_INSTRUCTIONS FOR THE TASK_.
Give the data again exactly, without its images.

#### PROVIDED DATA

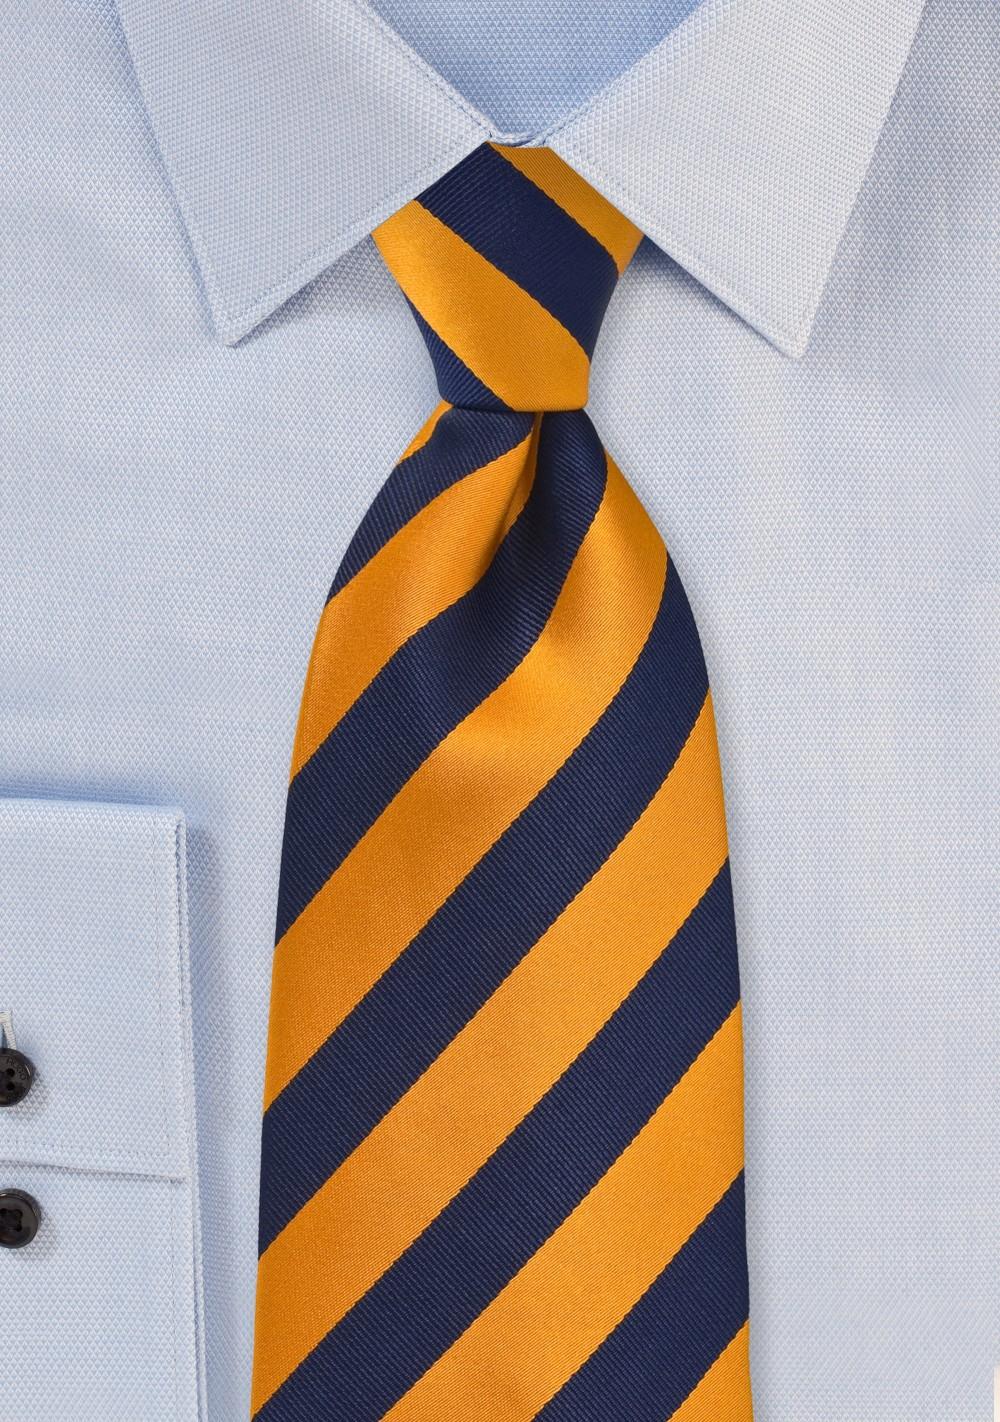 classic Black and White XL Necktie
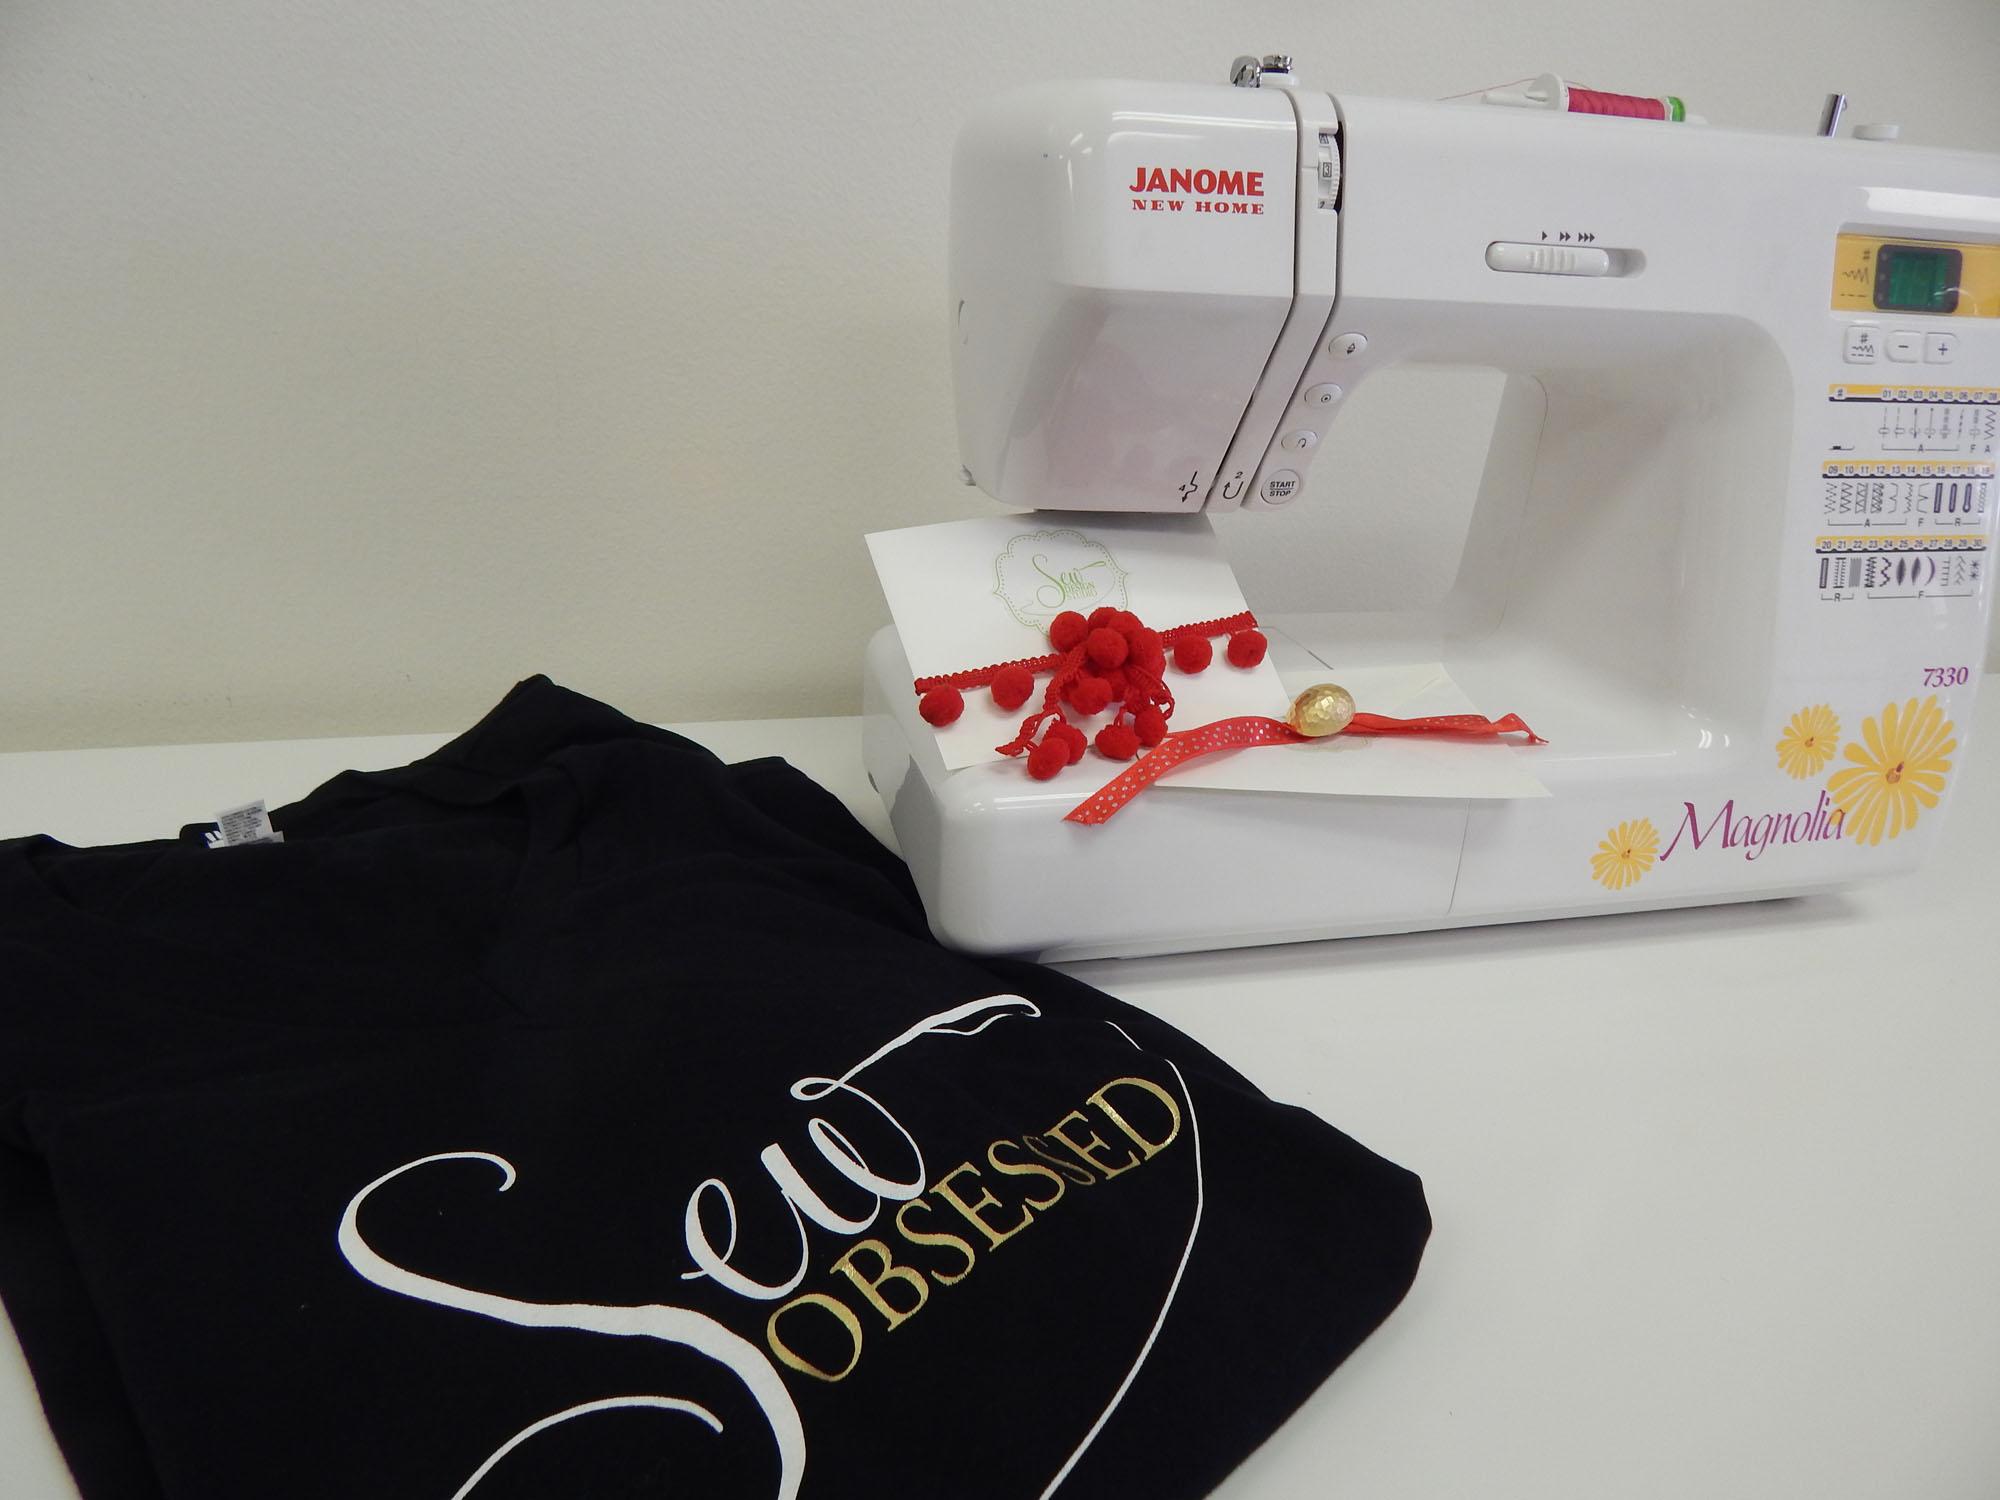 sewing machine houston
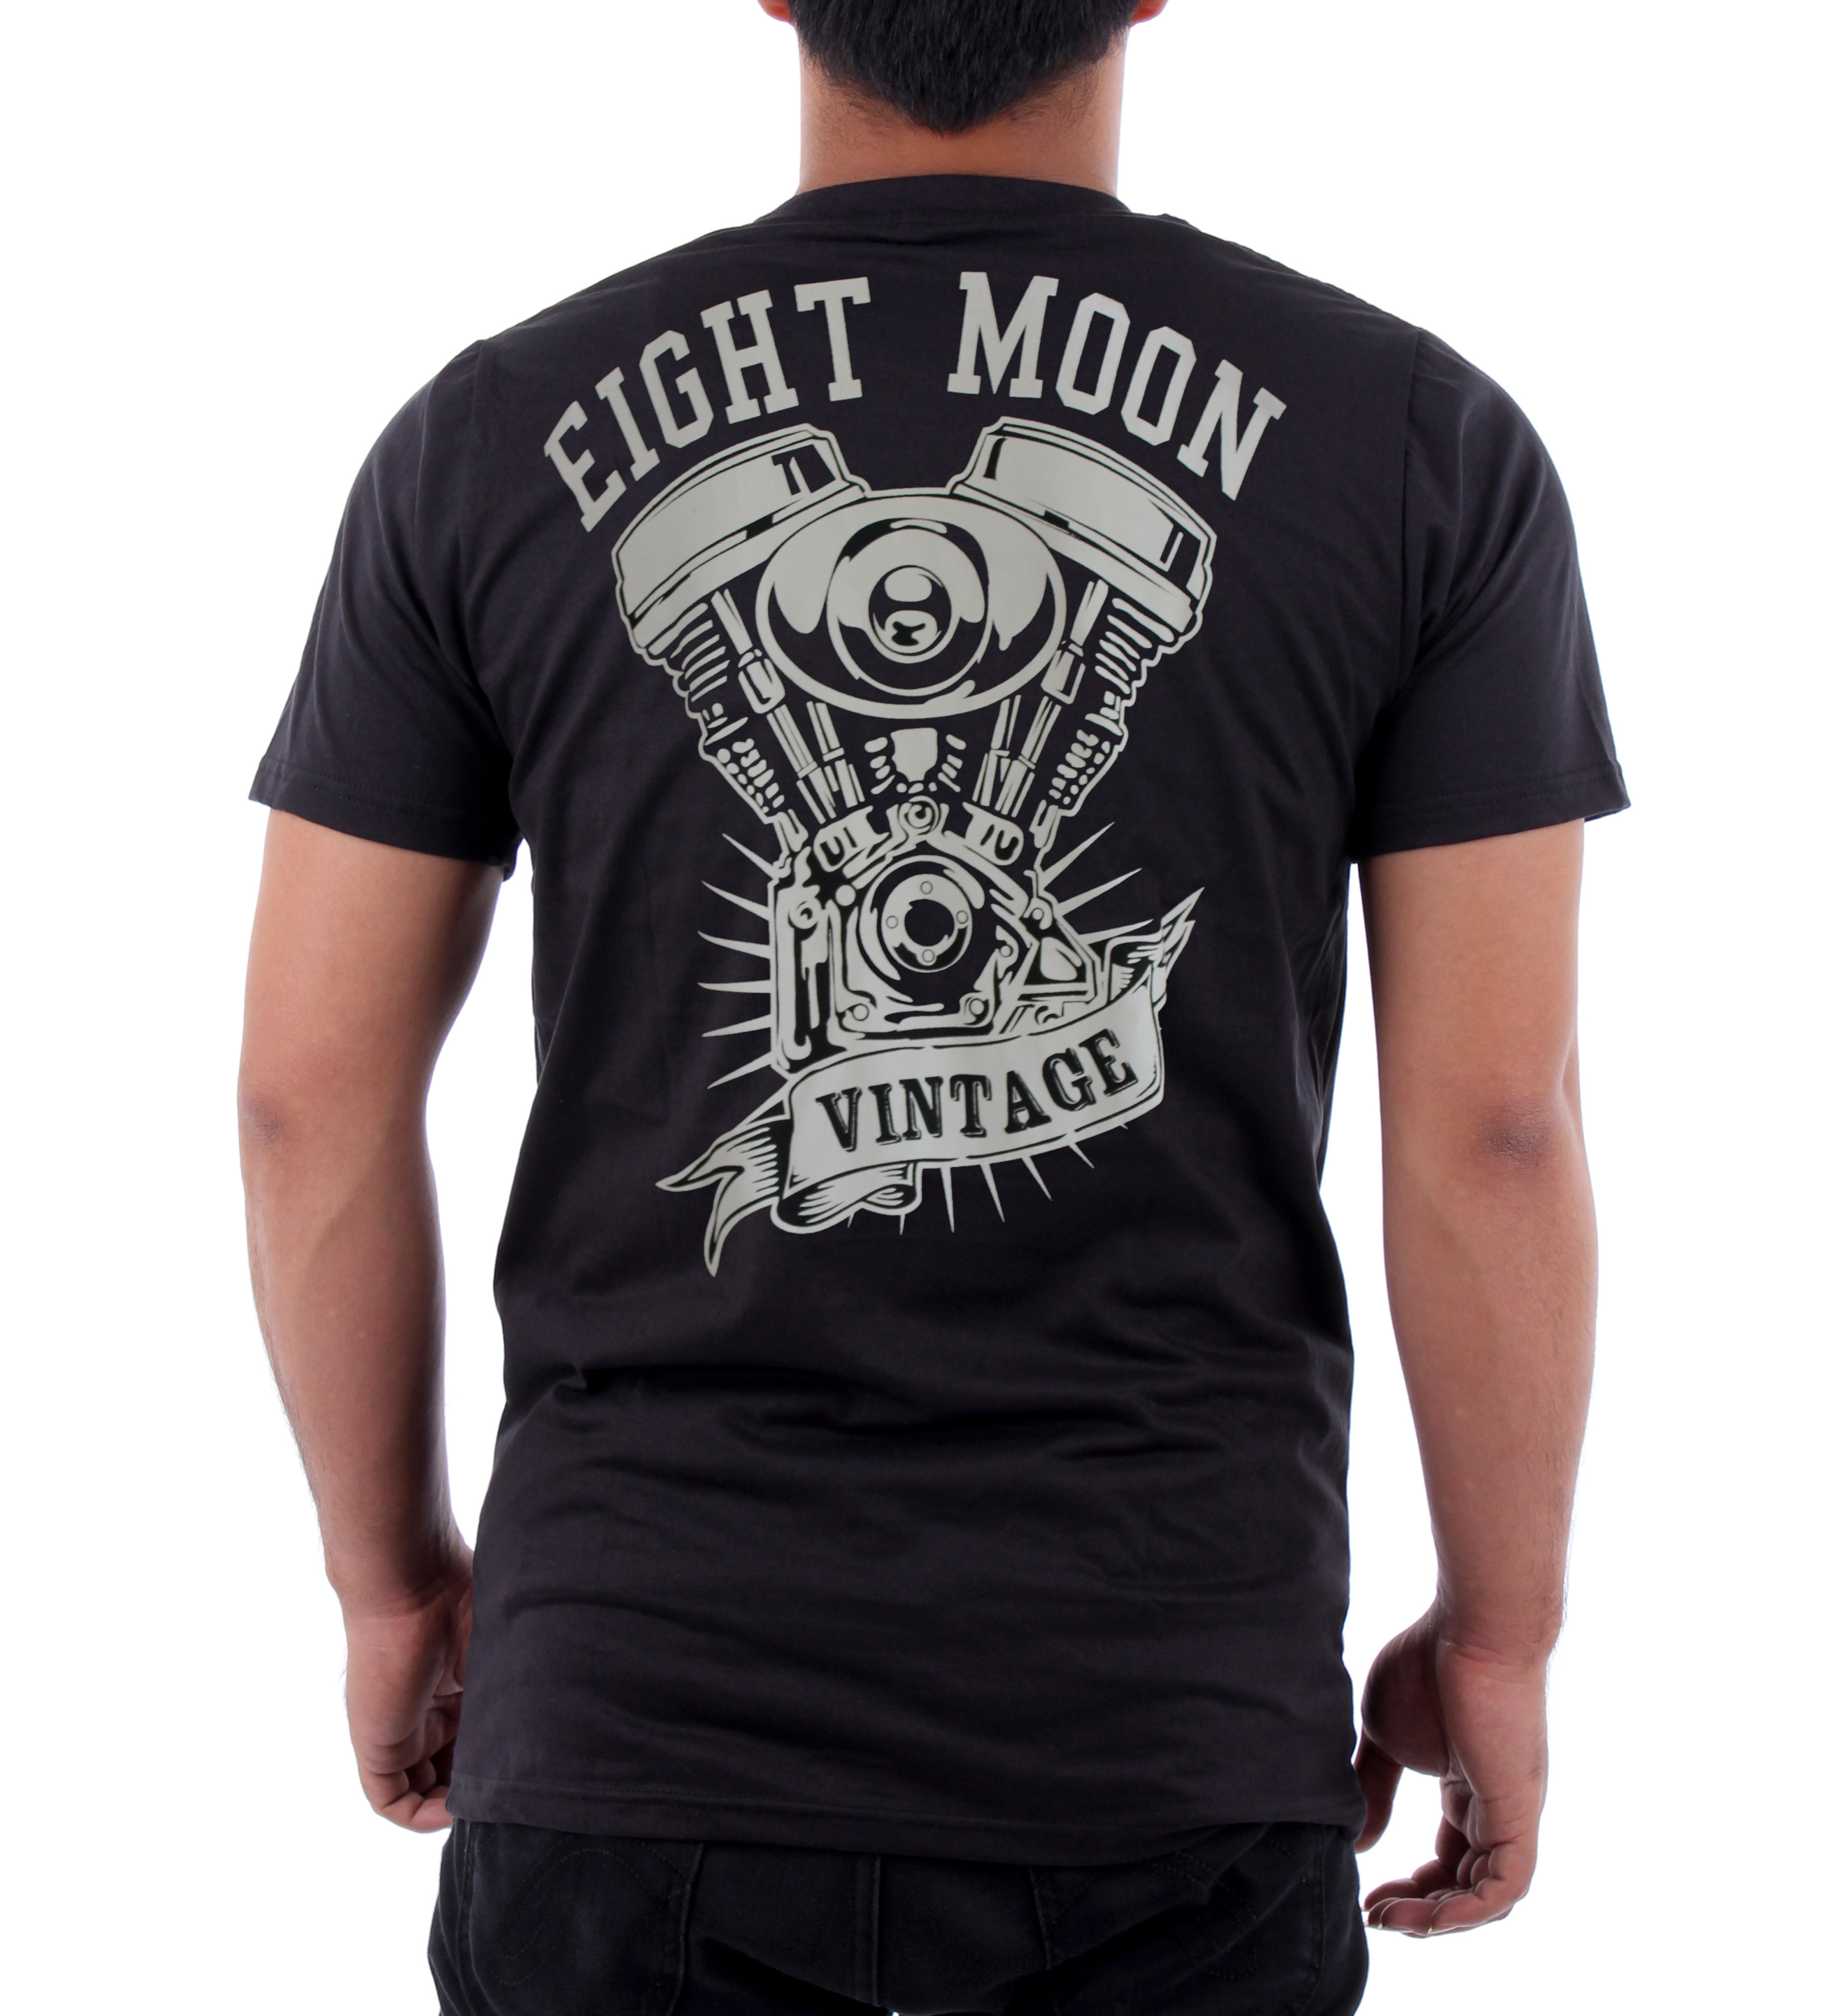 eight_moon_rockabilly_mens_shirt_engine_vintage_motorcycle_rock_en7_t_shirts_4.jpg

########

_EXERCISE RESULT_.
 classic Black and White XL Necktie
 sewing machine houston
 eight_moon_rockabilly_mens_shirt_engine_vintage_motorcycle_rock_en7_t_shirts_4.jpg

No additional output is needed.